Start of RECORD EXTRACTS

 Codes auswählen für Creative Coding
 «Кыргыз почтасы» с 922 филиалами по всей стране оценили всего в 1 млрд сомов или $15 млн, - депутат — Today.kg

End of RECORD EXTRACTS
Start of RECORD EXTRACTS

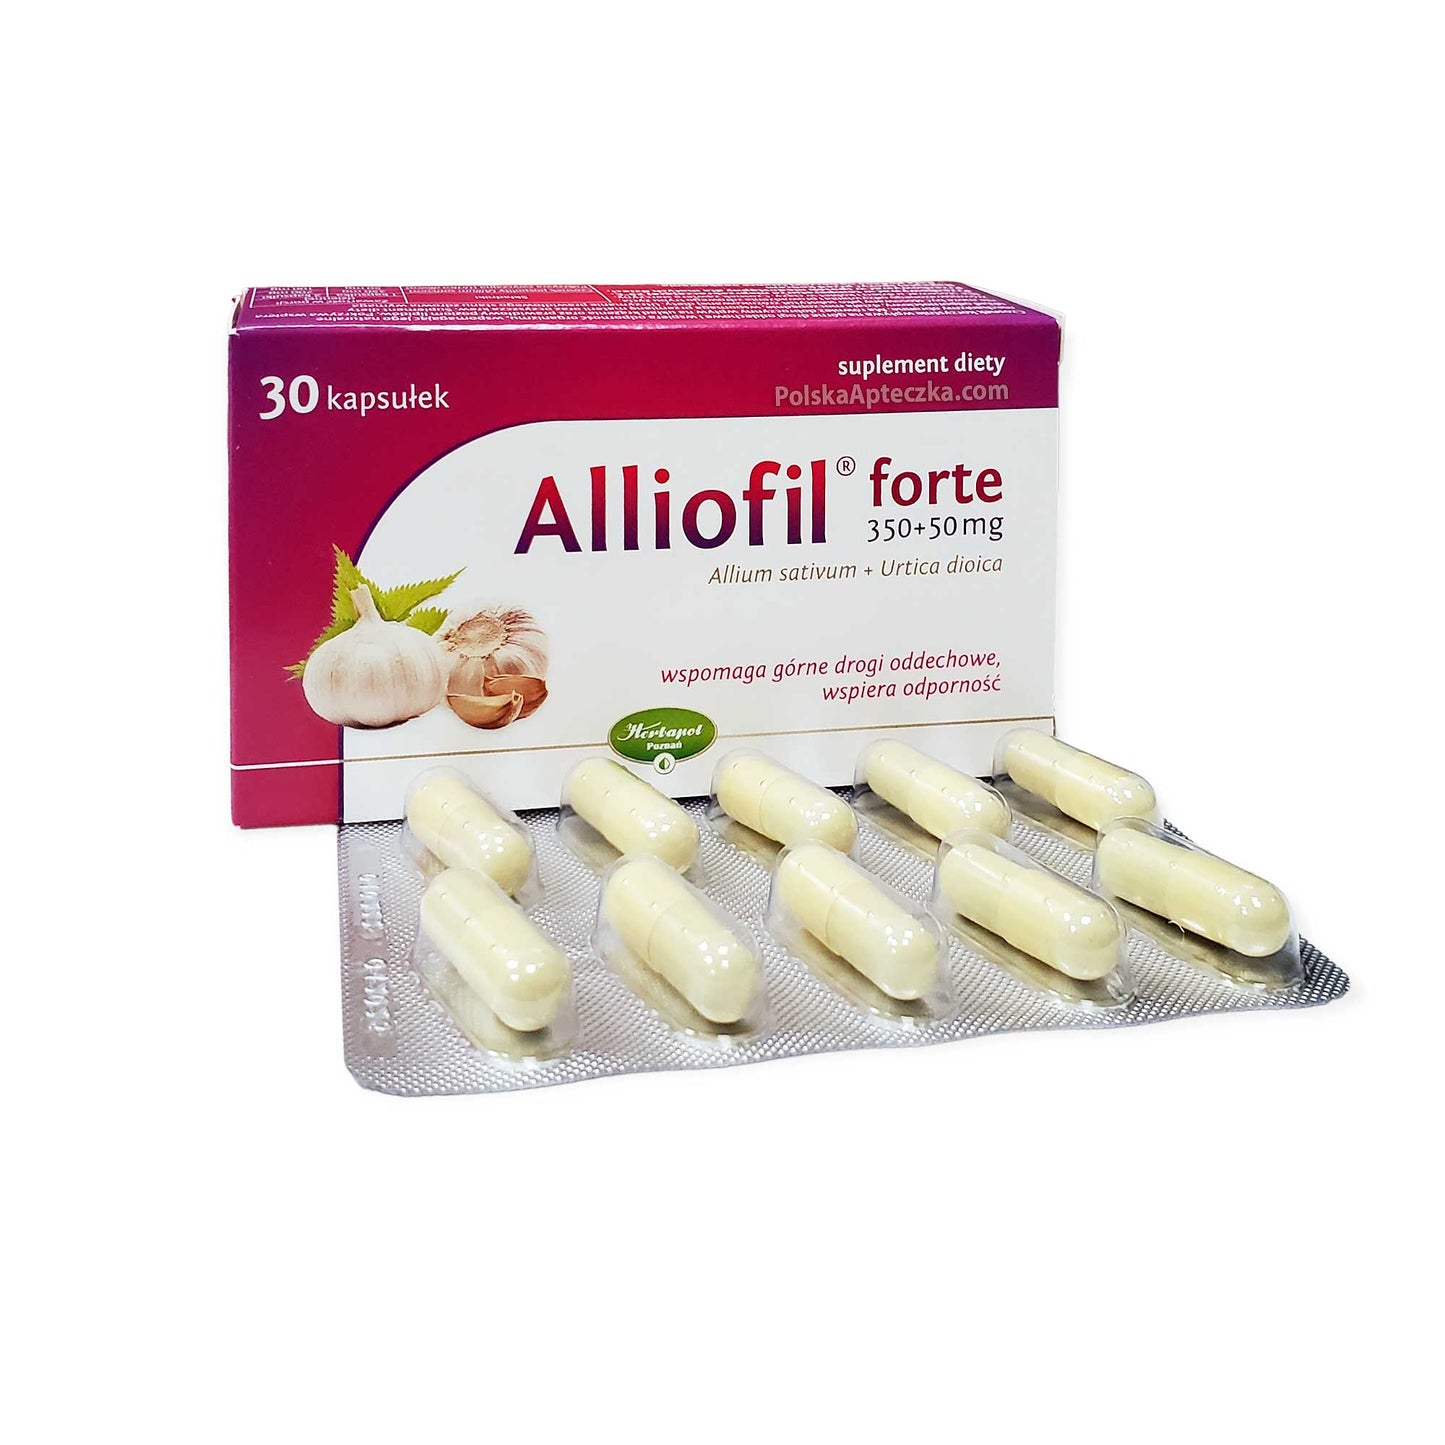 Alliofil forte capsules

End of RECORD EXTRACTS

→ PROBLEM DETAILS
Would you please write out, exactly and with no other lines, the stretch of the listing above from the line containing "Codes auswählen für Creative Coding" through the line containing "депутат — Today.kg"?

→ RESULT OF THIS TASK
 Codes auswählen für Creative Coding
 «Кыргыз почтасы» с 922 филиалами по всей стране оценили всего в 1 млрд сомов или $15 млн, - депутат — Today.kg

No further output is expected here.